With bunch of prints and correct result 0.10130. If I do grep "endwith:" | wc -l I get 7719, which means, for this input, the helper function was called more than 7000 times! To just have an idea how many times it is called on other inputs, I got:

Input    #
8, 8     22254
8, 6     2682
8, 5     933

not very good... We are doing too much recalculation.
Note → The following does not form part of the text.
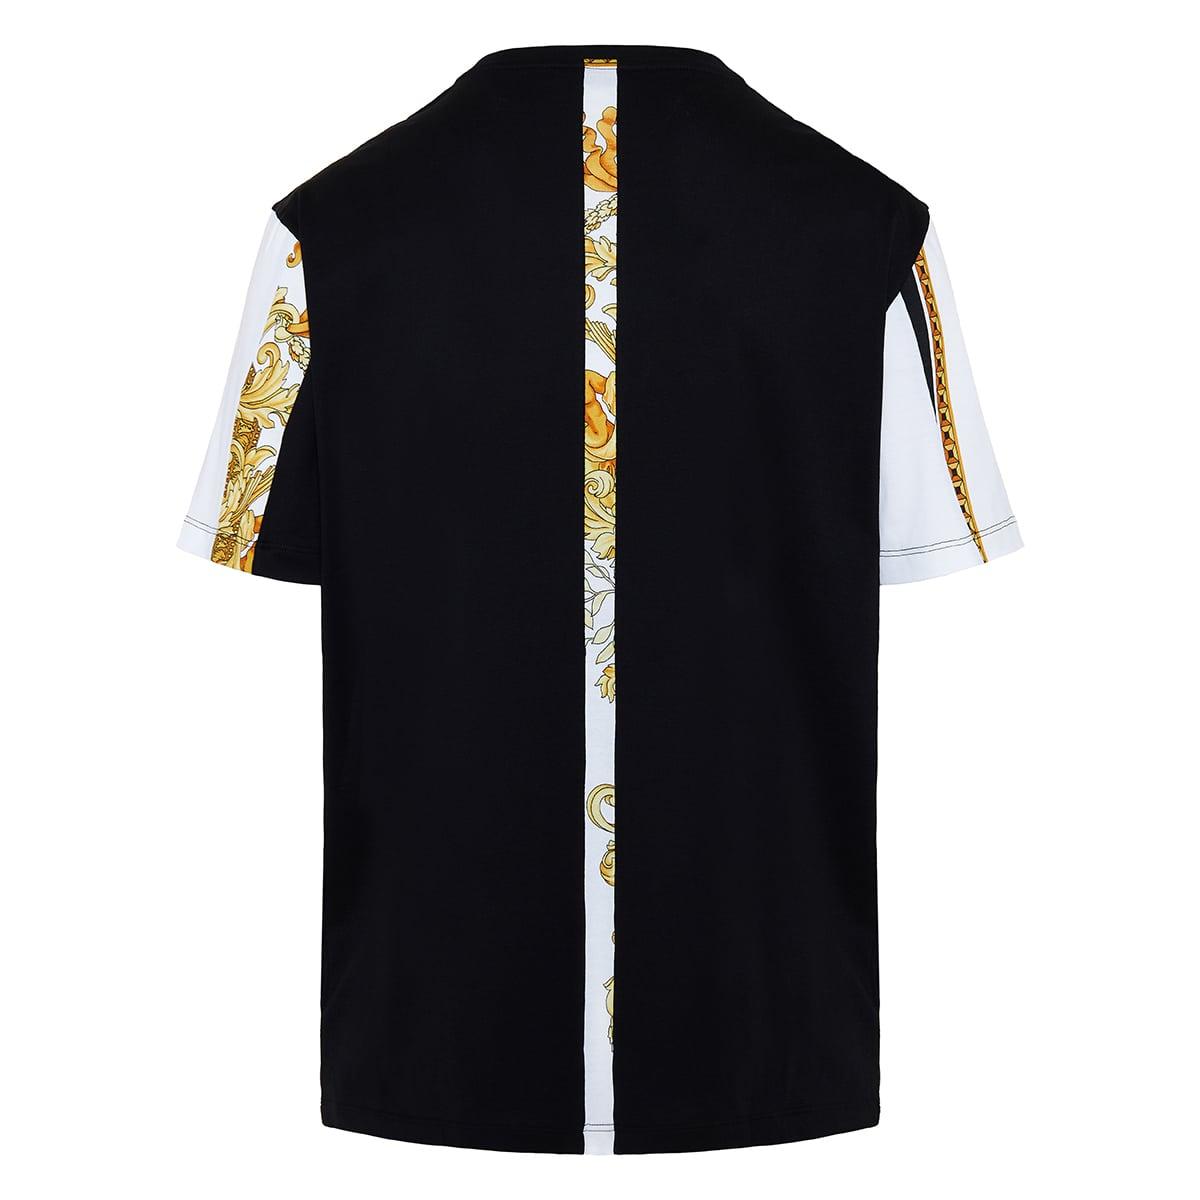 Baroque print striped t-shirt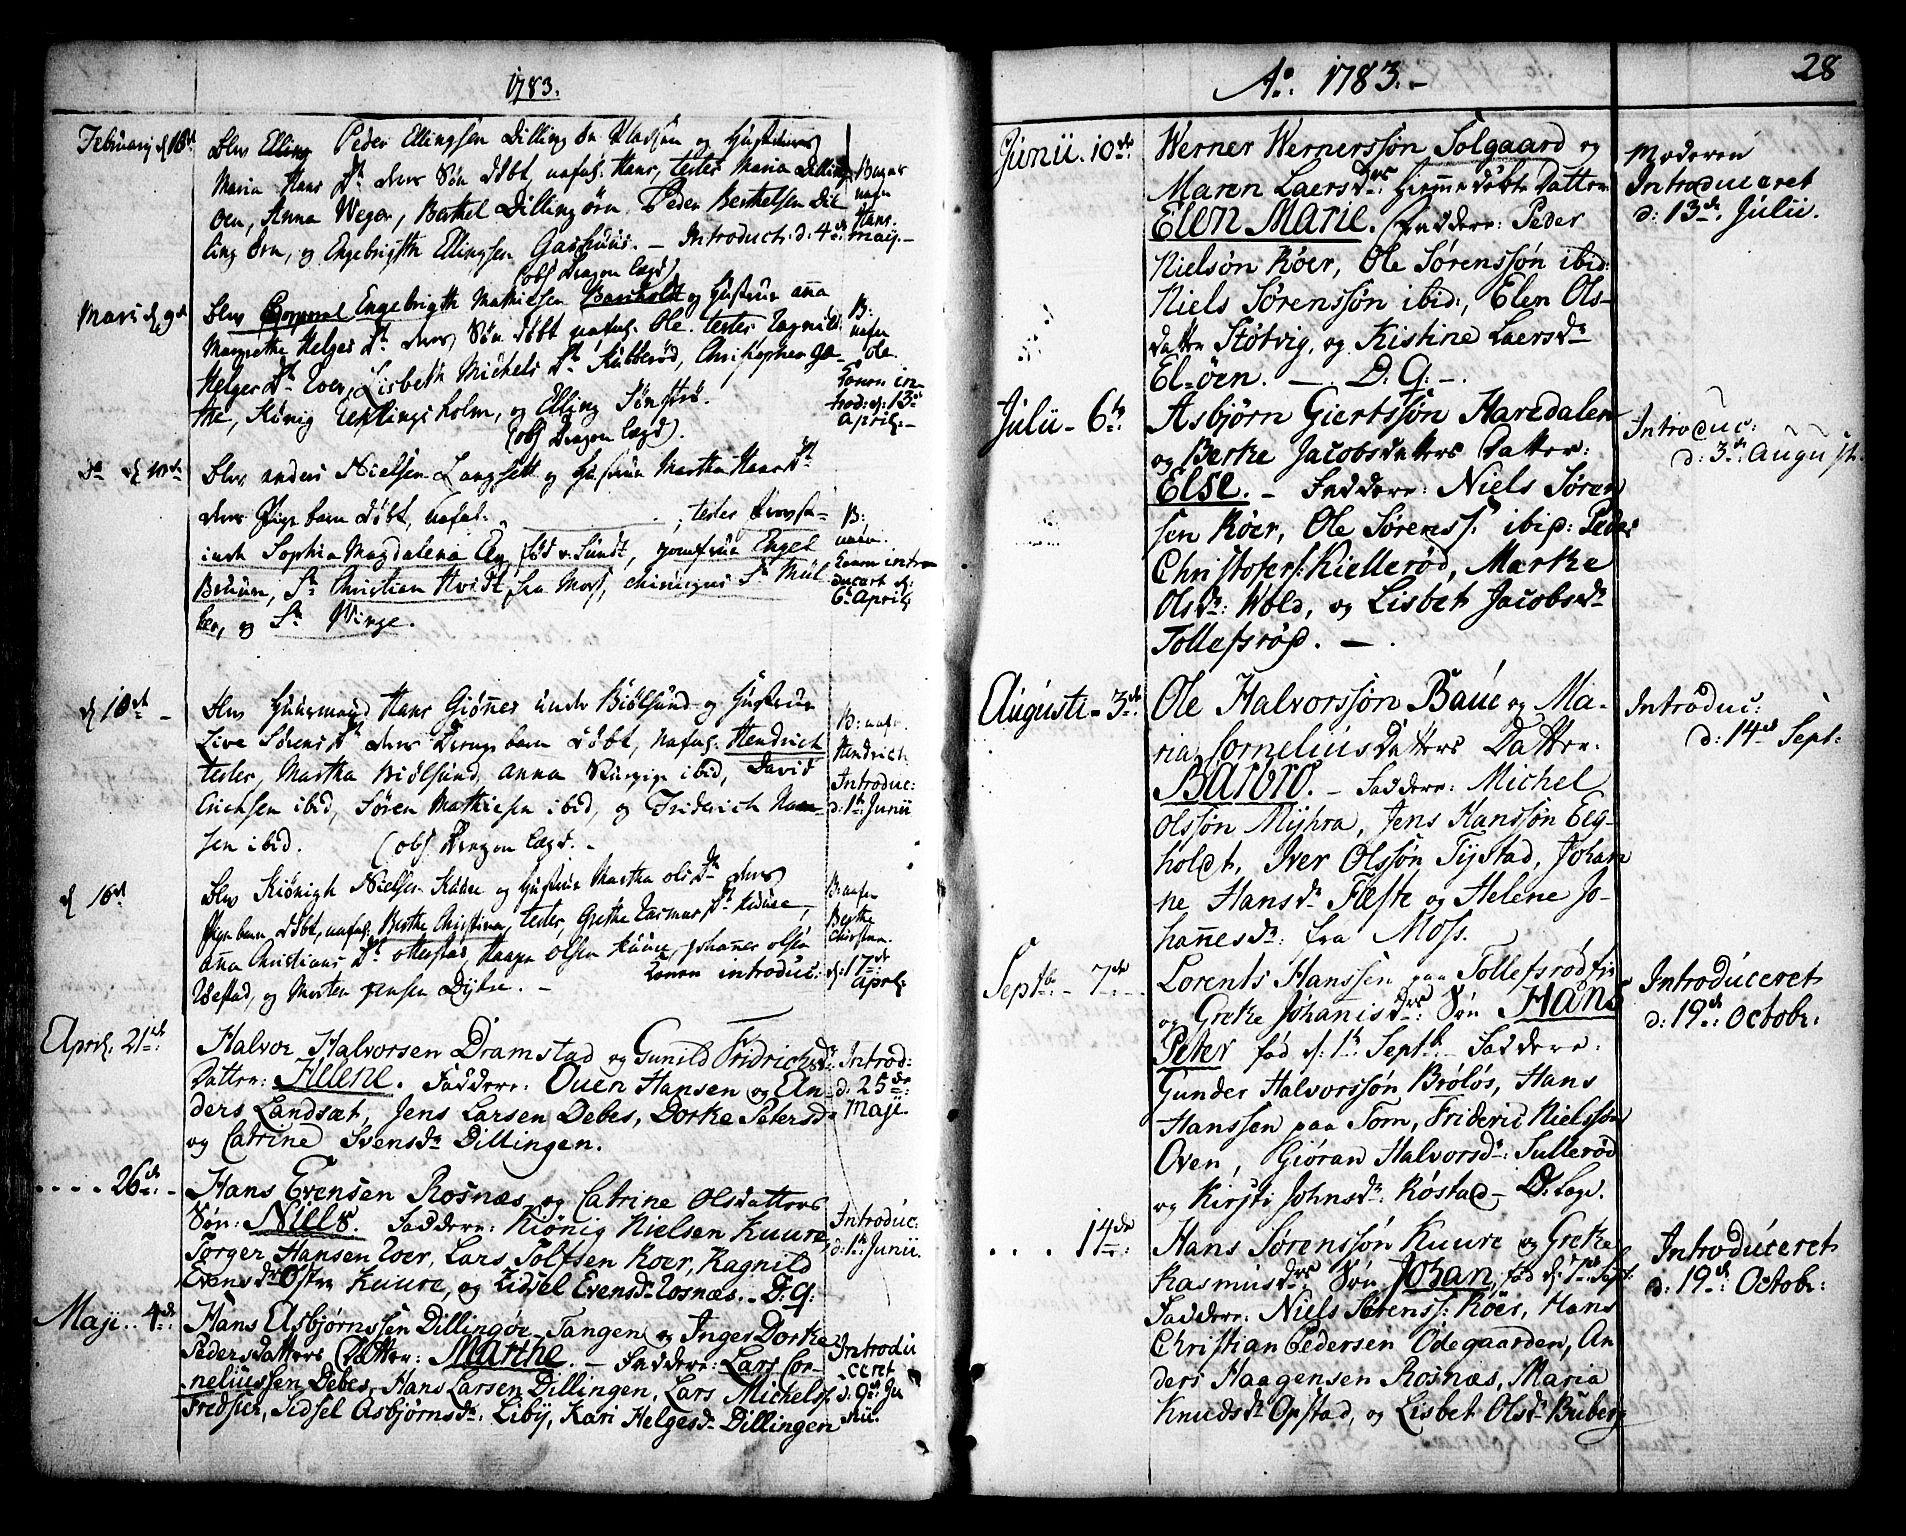 SAO, Rygge prestekontor Kirkebøker, F/Fa/L0002: Parish register (official) no. 2, 1771-1814, p. 28

Instead I put together the bottom up solution for the reference array:

int** tight_number_bottom_up(int base_max, int length)
{
  int** result = new int*[base_max + 1];
  for (int i = 0; i < base_max + 1; ++i)
  {
    result[i] = new int[length];
  }
  //Ends with i, i.e., looping over them
  for (int j = 0; j < length + 1; ++j)
  {
    for (int i = 0; i < base_max + 1; ++i)
    {
      if (j == 0)
      {
        result[i][j] = 0;
      } else if (j == 1)
      {
        result[i][j] = 1;
      } else
      {
        int bigger = i == base_max ? 0 : result[i + 1][j - 1];
        cout << "bigger: " << bigger << endl;
        int smaller = i == 0 ? 0 : result[i - 1][j - 1];
        cout << "smaller: " << smaller << endl;
        result[i][j] = result[i][j - 1] + bigger + smaller;
      }
    }
  }
  return result;
}

I am sure that the number of iterations in forming the bottom up table is maximum (base_max + 1) * (length + 1), happy that I finished writing and happy that it gives the correct results.

Follow-up question (if you are still with me)

double seems to be not enough for inputs like 9, 100 or even 9, 50, what can I do to make a "long"er double?